Just wanted to let you know that there will be a Meet and Greet the 3rd weekend in Oct. for the RVUSA forum members. As far as I know this isa first. Maybe we will start something!! This firstevent will be in Bedford Va, in my field that we camp in several times a year.

So far, 730, H2H1, BroDavid, Texasclodhopper and myself will be there for sure. I know most of you would have a long drive, but did not want to leave you out of the invitation. I can handle quite a few trailers, 5th wheels, MH's or what you have. If anyone is interested in more information, ask away or PM me.

Kenneth


----------



## TexasClodhopper (Aug 25, 2009)

Re: October Meet and Greet

We're going to have one heck of a good time, too.  :clown:


----------



## TexasClodhopper (Aug 25, 2009)

Re: October Meet and Greet

And we're hoping to get to see some of the fall colors, too.


----------



## H2H1 (Aug 25, 2009)

Re: October Meet and Greet

well Tex if I got my bright color shirt on, then you may see me fall :laugh:  :laugh:  :laugh:  :laugh: Well Tex is coming from Texas and I am coming from Ga 539 mile and I can make it in one day. I hope :laugh:  :laugh:  :laugh:  :laugh:


----------



## H2H1 (Aug 25, 2009)

Re: October Meet and Greet

I for got to say I was there this passed April  for his open house and camped in his field and we had a blast,,,ya come u here.... :laugh:


----------



## brodavid (Aug 26, 2009)

Re: October Meet and Greet

hey if I can plan on going everybody should plan, you can see me kick Rod's butt    :laugh:


----------



## LEN (Aug 26, 2009)

Re: October Meet and Greet

Would love to make it and have an ugly contest(only one I ever win). But I think I'll have to pass on a 5000 mile round trip, But will get that direction some year and will make it a point of dropping in.

LEN


----------



## elkhartjim (Aug 26, 2009)

Re: October Meet and Greet

We'll be in Myrtle Beach looking for Rod....


----------



## H2H1 (Aug 26, 2009)

Re: October Meet and Greet

Hey Jim ,Rod will be with us and so will Bro Dave, so keep it in the road and come on up. We would love to hear your stories on the road. And your other Texans ,Texas clodhopper is coming. So if you don't make it you will be missing a lot good friendship. :laugh:  :laugh:  :laugh:


----------



## Shorty (Aug 26, 2009)

Re: October Meet and Greet

This is one I would love to get to...BUT, I am MC for our Jeeptoberfest here in Ocala and my real day job has me wrapped up tight. Ya'all have fun and maybe next time we can get the whole crew, Mr Mechanic, Dana, Dan, Mike...y'all can ride up with me...long as I geta sticker :laugh:


----------



## Guest (Aug 27, 2009)

Re: October Meet and Greet

well since GTS started this ,, maybe ,, next yr we could have one at my place ,, as Gts ,, i have room for many rv's ,, but one thing ,, and that is only if GTS comes ,, other wise u all wll starve ,, GTS does make a good food fest at his ,, but there agian ,, i got alot of hay ,, and Big O is giving u tax breaks for going green ,,  :laugh:  :laugh:  :laugh:


----------



## Guest (Aug 27, 2009)

Re: October Meet and Greet

forgot one thing on that last post ,, i will have power for everyone ,, and water also ,, but the sewer ,, well that is up to u ,, i know what the cows do


----------



## try2findus (Aug 29, 2009)

Re: October Meet and Greet

As luck would have it, Randy and I are trying to plan a trip to the Skyline drive and we were told the 3rd week in October is the best time to go.  Will that be in fairly close proximity to where this Meet and Greet will be?  
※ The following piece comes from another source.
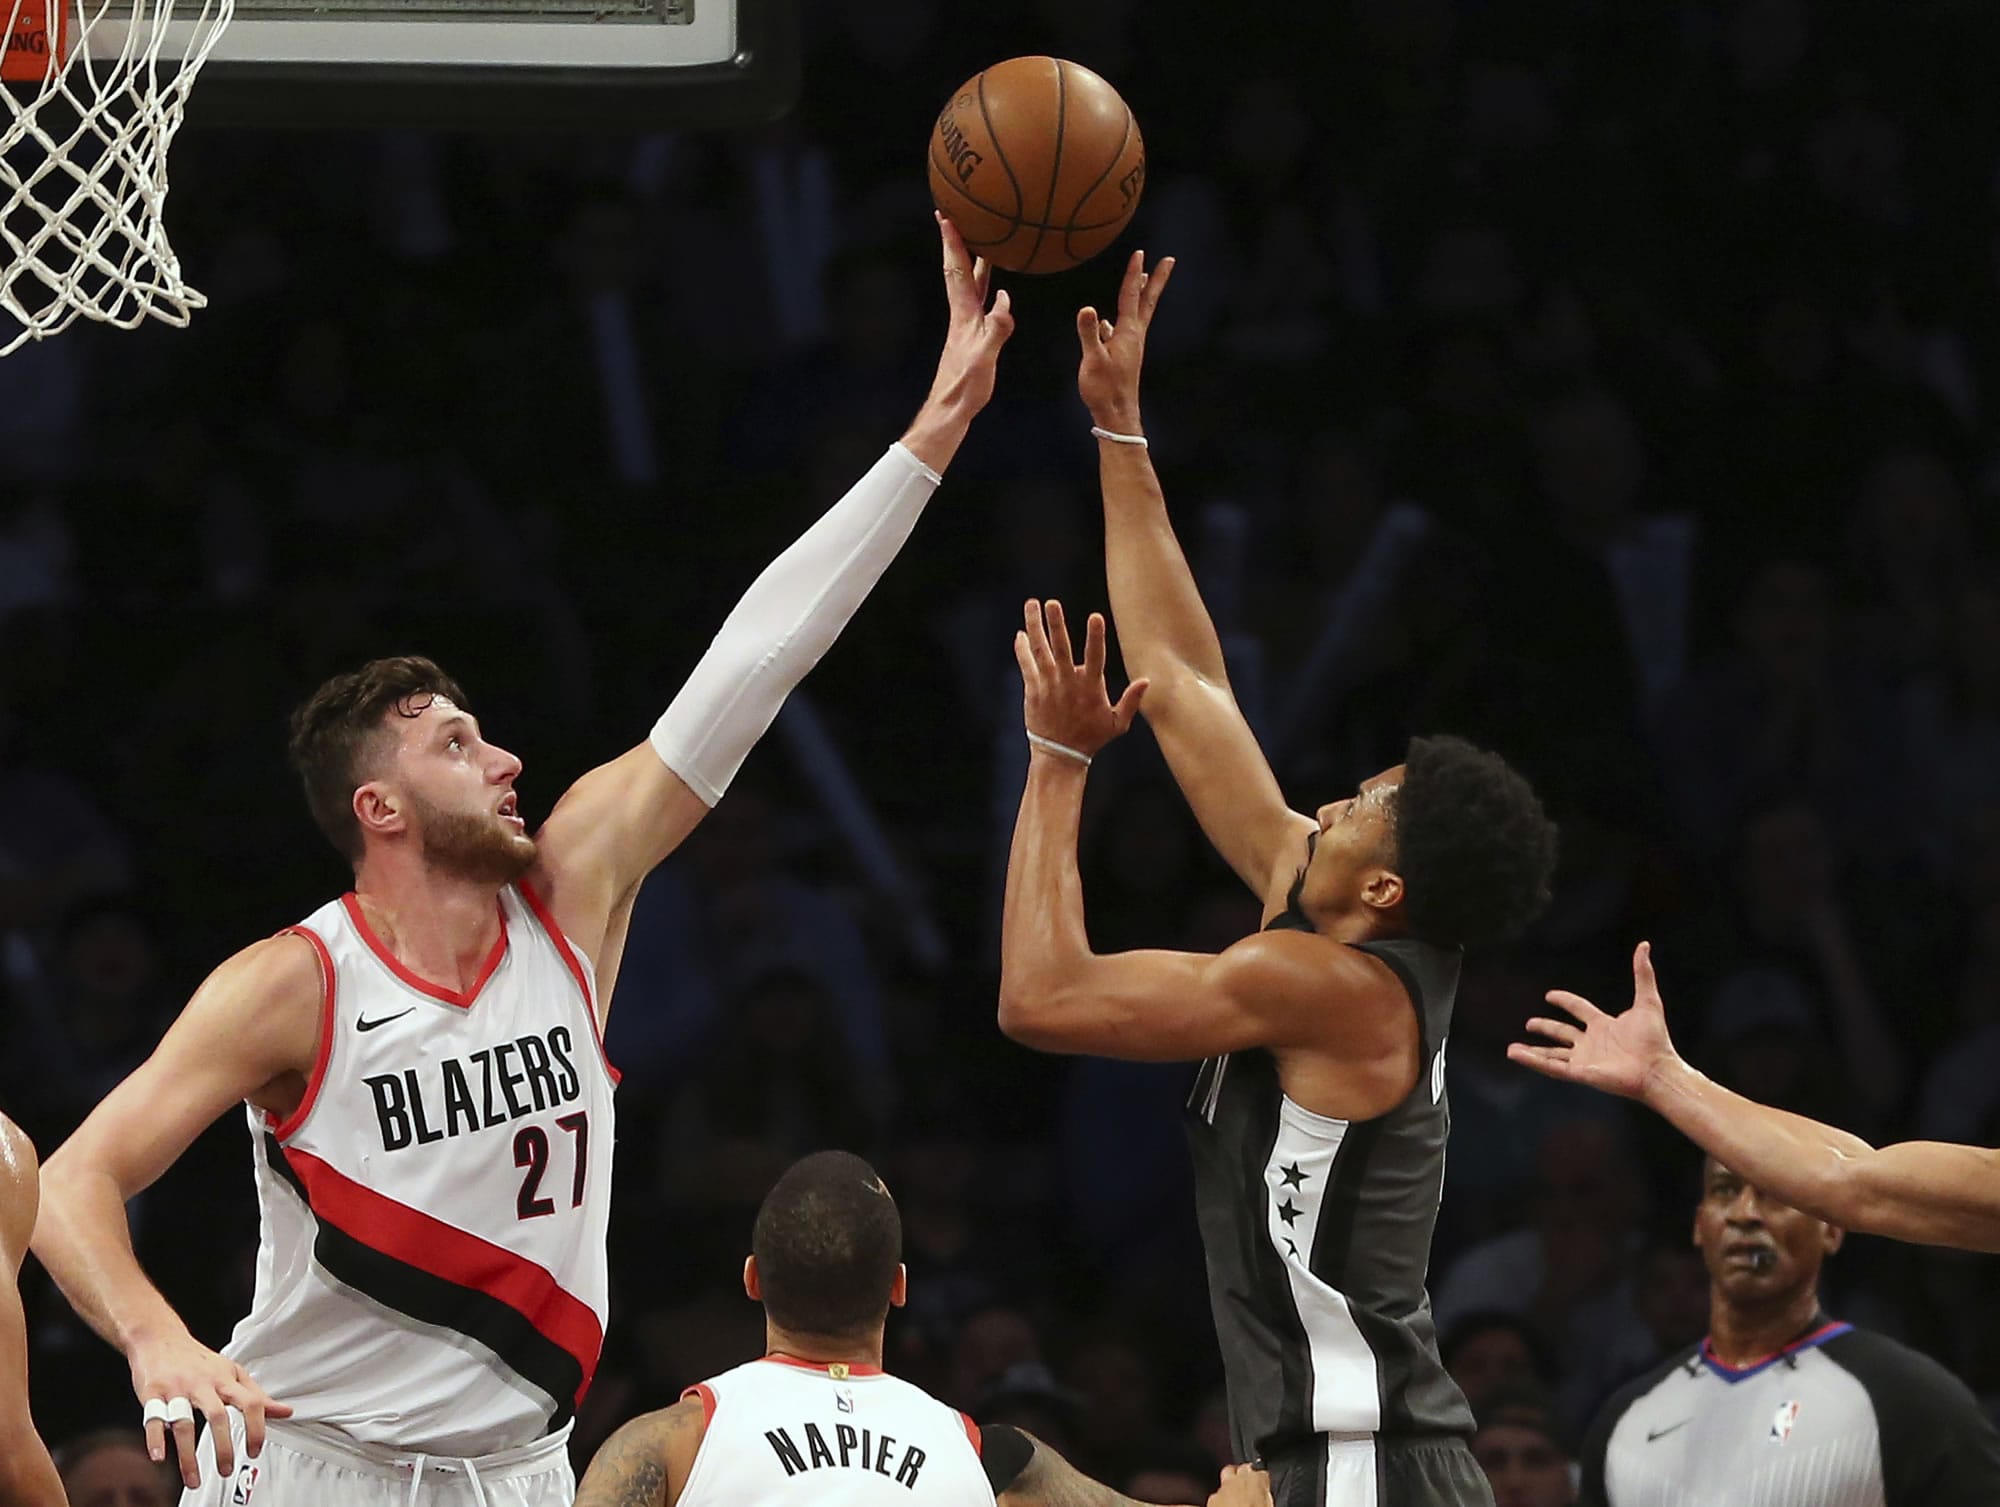 Portland Trail Blazers center Jusuf Nurkic (27) blocks a shot by Brooklyn Nets guard Spencer Dinwiddie, right, during the third quarter of an NBA basketball game in New York, Friday, Nov. 24, 2017. The Trail Blazers defeated the Nets 127-125.

Although we are planning a couple of days with family in the Charlotte area, we would have several days to be spontaneous.  

We are still in need of some assistance on a reliable source of TV reception and could benefit from Ken's knowledge and sales ability  , so we will keep a close watch for future updates.


----------



## Grandview Trailer Sa (Aug 29, 2009)

Re: October Meet and Greet

Jeanie and Randy,
I can look right at the Peaks of Otter from my house.  In about 20 mins. you can be on the Blue Ridge Parkway.  The Skyline Drive is North of me, but not that far away.  Charlotte is a 2.5 to 3 hour drive.

If you drive the Blue Ridge Parkway North, it connects to the Skyline Drive at Rockfish Gap and the beginning of the Shenandoah Nat. Park.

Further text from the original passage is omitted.